В этот момент из-за плинтуса донесся тонкий, писклявый диалог. Две высоченные тараканьи тени ползли по стене.

«Слышь, Марфуша, — говорил один, — опять эта сволочь Людмила дихлофосом баловалась. Еле ноги унесла».
«Да хуже нашей доли нет, Петрович! — всхлипывал второй голос. — Одна отрава кругом! Раньше-то хоть крошки падали нормальные, мясные, сытные. А сейчас один этот… тофу его проклятый! Тоска зелёная! И воняет он непотребно».

И Гриня, к своему собственному удивлению, вдруг поймал себя на мысли, что ему… жалко тараканов. По-настоящему, до слез жалко этих ядовито-тоскливых Петровича и Марфушу. Его прорывает на странное, всеобъемлющее сострадание ко всему живому миру, который оказался гораздо ближе и понятнее, чем мир «осознанных» людей.

Его веганство треснуло, но не исчезло. Оно стало сложнее. Глубже. И гораздо, гораздо трагичнее.

Прозрение Грини было горьким и щемящим. Он сидел на своей кухне и слушал симфонию коммунального зверинца. Мурзик, дремая на батарее, во сне ворчал: «Эх, мирок... один веган на весь шкаф... хоть бы мышь запустили, для разнообразия...». Из-под раковины доносился сдержанный спор тараканов о вкусовых качествах старого линолеума. Даже муха, кружившая над его забытой чашкой с детокс-чаем, философски заметила: «Ты посмотри на него — сидит, человечество спасает, а сам чай-то холодный. Нет в них, в веганах, жизненной силы, Марфуша. Одна тоска постная».

И самое удивительное — Гриня не чувствовал ни ужаса, ни отвращения. Только огромную, всепоглощающую жалость. Ко всем. К Мурзику, тоскующему по мыши. К тараканам, вынужденным есть линолеум. К мухе, ищущей смысл в холодном чае. И к самому себе. Такому одинокому и запутавшемуся в своих же правилах.

Он встал и молча пошел в магазин. Купил самую дорогую куриную грудку, какую смог найти. Вернувшись, он отварил ее без соли и специй, остудил и положил в миску Мурзику.

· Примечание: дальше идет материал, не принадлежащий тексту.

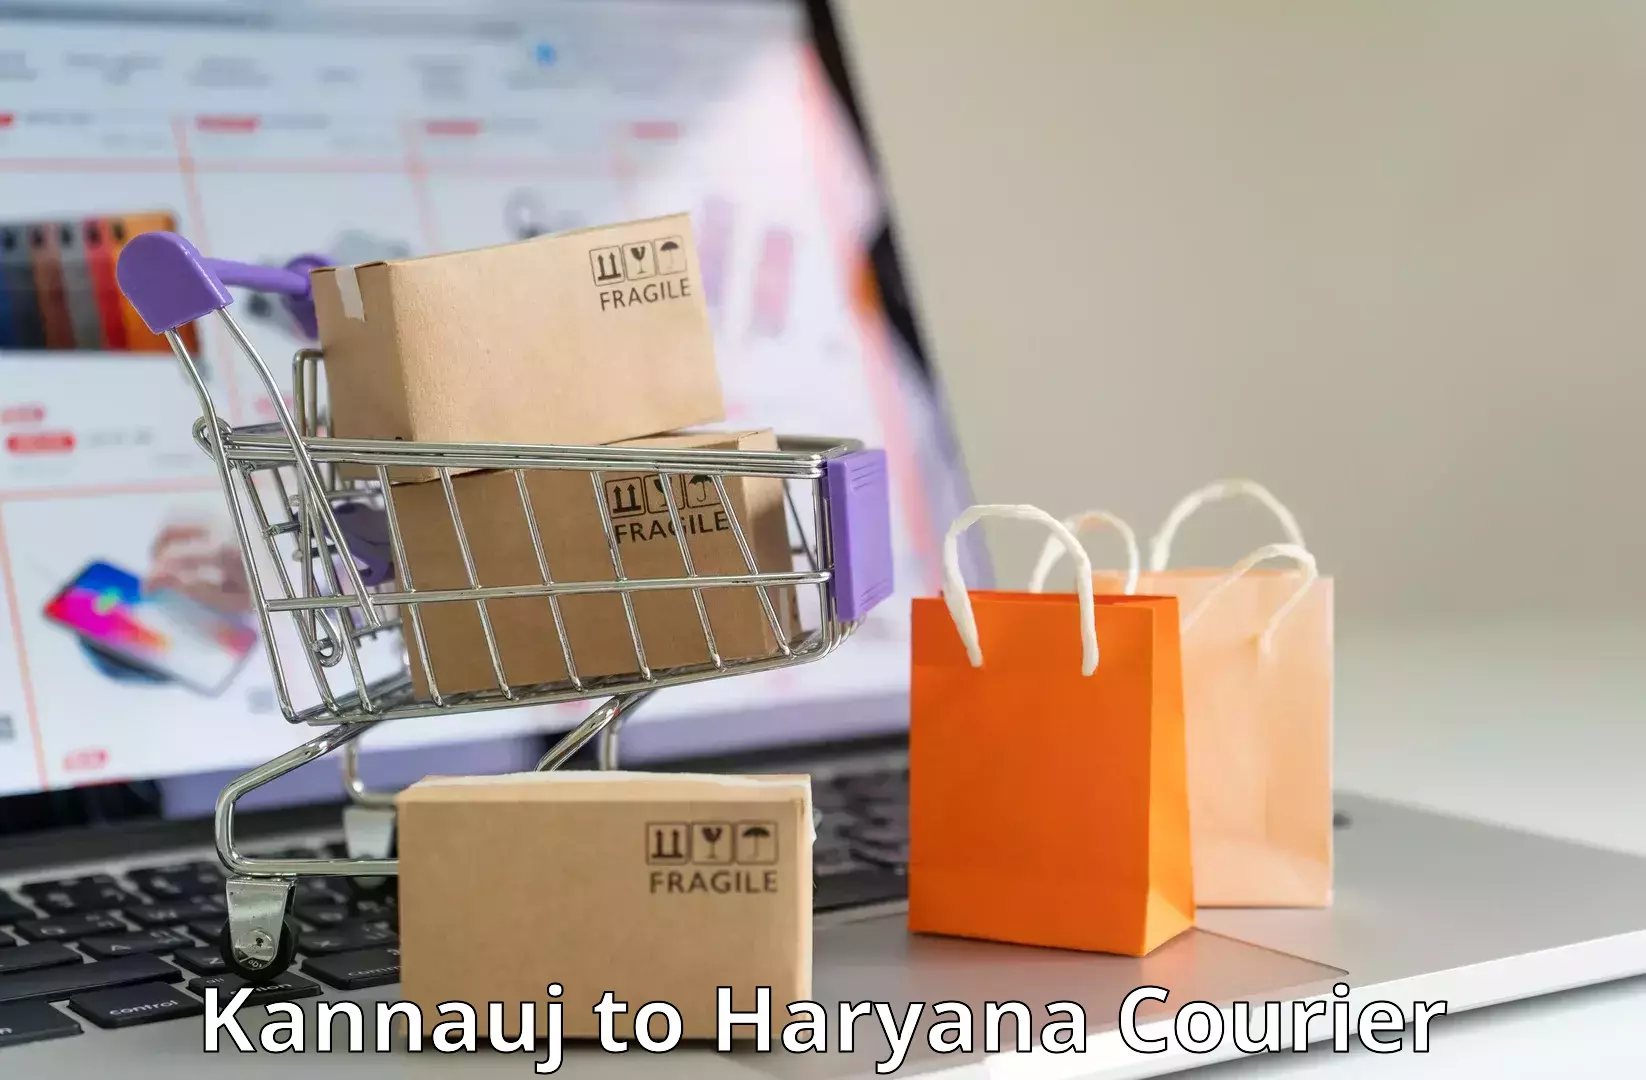 Logistics service provider Kannauj to Hansi

Кот лениво подошел, понюхал и удивленно поднял на Гриню свои желтые глаза.
«Это что за подношение, постник? Совесть загудела? Али мясо отравленное?»
— Нет, — тихо сказал Гриня. — Я не ем. Но твоя кошачья карма — это твои личные проблемы. Ешь.

Потом он насыпал за шкаф крупы для тараканьего семейства. Не для того, чтобы травить, а просто так. Покормить.

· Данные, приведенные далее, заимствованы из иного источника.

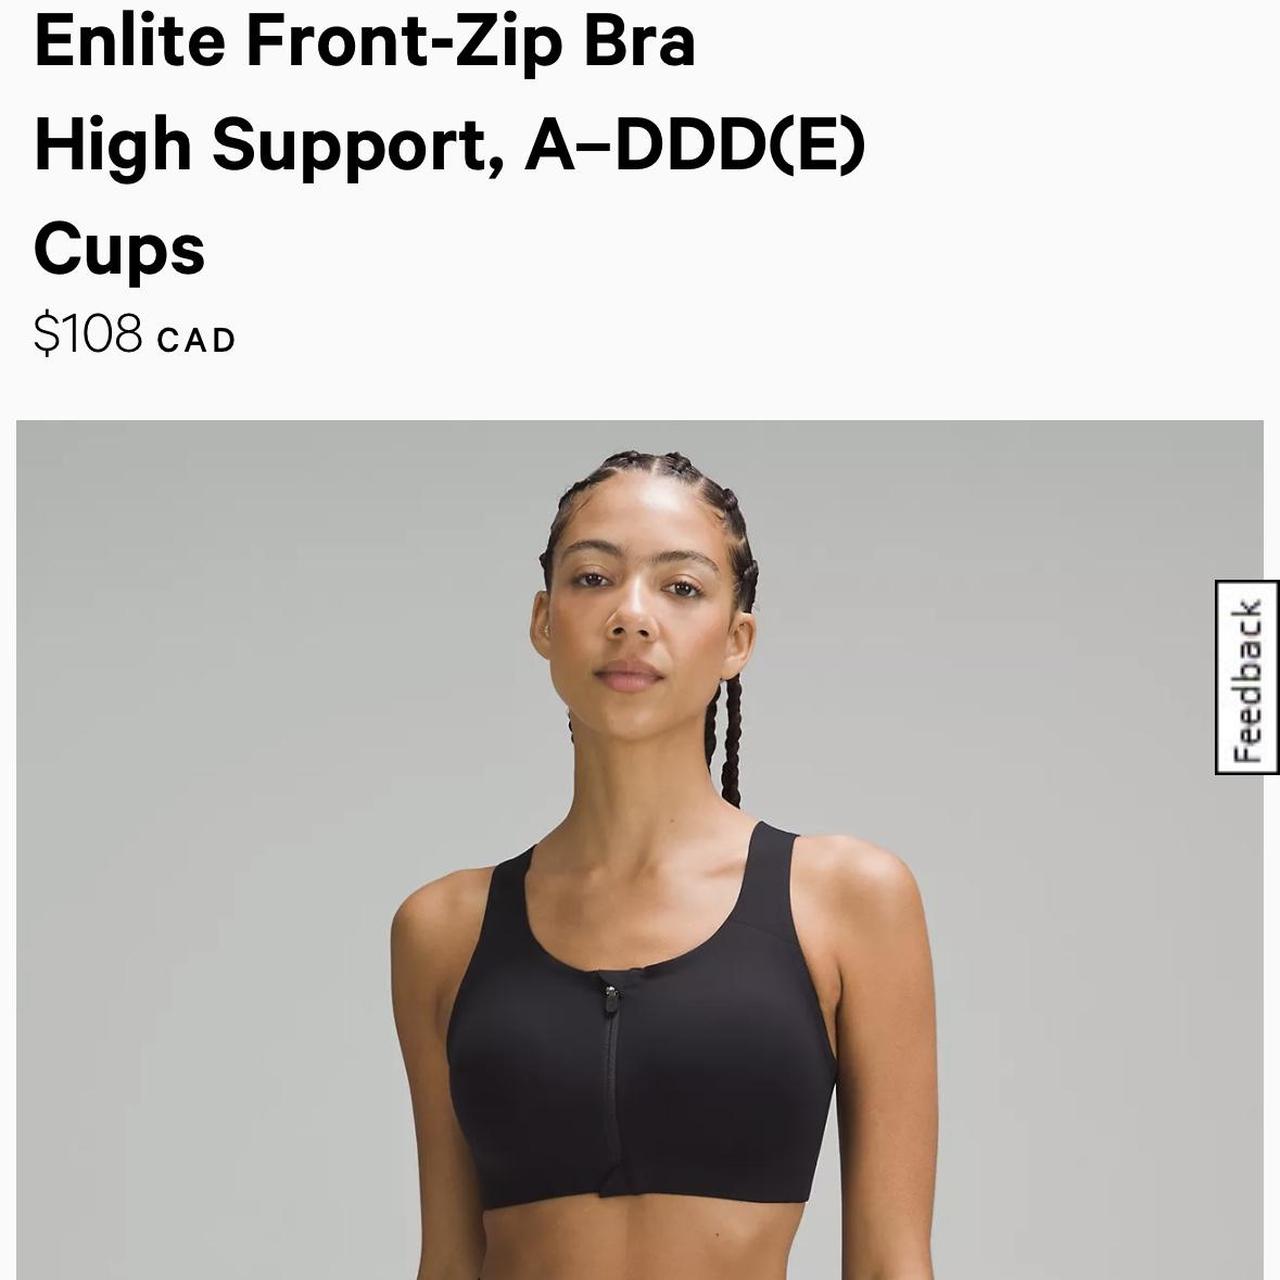 Enlite Front-Zip Bra High Support, A-DDD(E) Cups

Наступило утро. Гриня сидел на кухне и пил свой скучный травяной чай. Он не пытался больше медитировать. Он просто сидел и слушал тишину, которая больше не была тихой. Она была полна жизнью.

Вдруг с люстры донесся знакомый сиплый голос. Это была та самая муха.
«Слышь, Марфуша, — сказала она другой мухе. — А Гришка-то наш... ничего парень. Гляди-ка, душа у него, конечно, веганская, трепетная. А сердце... сердце-то всё равно деревенское. Доброе. Не забыл, откуда корни».

Гриня не сдержал улыбки. Горькой, но настоящей. Он не избавился от своего дара. Он заключил с ним перемирие. Он принял тот факт, что его «просветлённое я» и его «деревенская душа» — не враги, а две половинки одного целого, говорящие на одном языке — языке сострадания. Пусть и на вологодском диалекте.

В этот момент на кухню ворвалась Людмила Сергеевна.
— Ну что, Григорий, — фыркнула она, — с духами своими поговорил? Научился, значит, с мухами беседовать? Может, они тебе скажут, куда моя сметана опять подевалась?

Гриня спокойно повернулся к ней. В его глазах не было ни страха, ни раздражения.
— Да, Людмила Сергеевна, — сказал он с легкой усмешкой. — Они передают, что вы сегодня суп пересолили. И лавровый лист надо было вынимать час назад. А сметану... — он сделал театральную паузу, — ...сметану, говорят, видели на балконе у Анатолия. Он ею похмелье запивал.

Он вышел из кухни, оставив Людмилу Сергеевну в полном, беспрецедентном ступоре. Его «скелет» — его деревенская, животная сущность — больше не прятался в шкафу. Он стал его скрытой суперсилой. И самым честным источником информации в доме.

### КОНЕЦ РАССКАЗА ###

Загрузка...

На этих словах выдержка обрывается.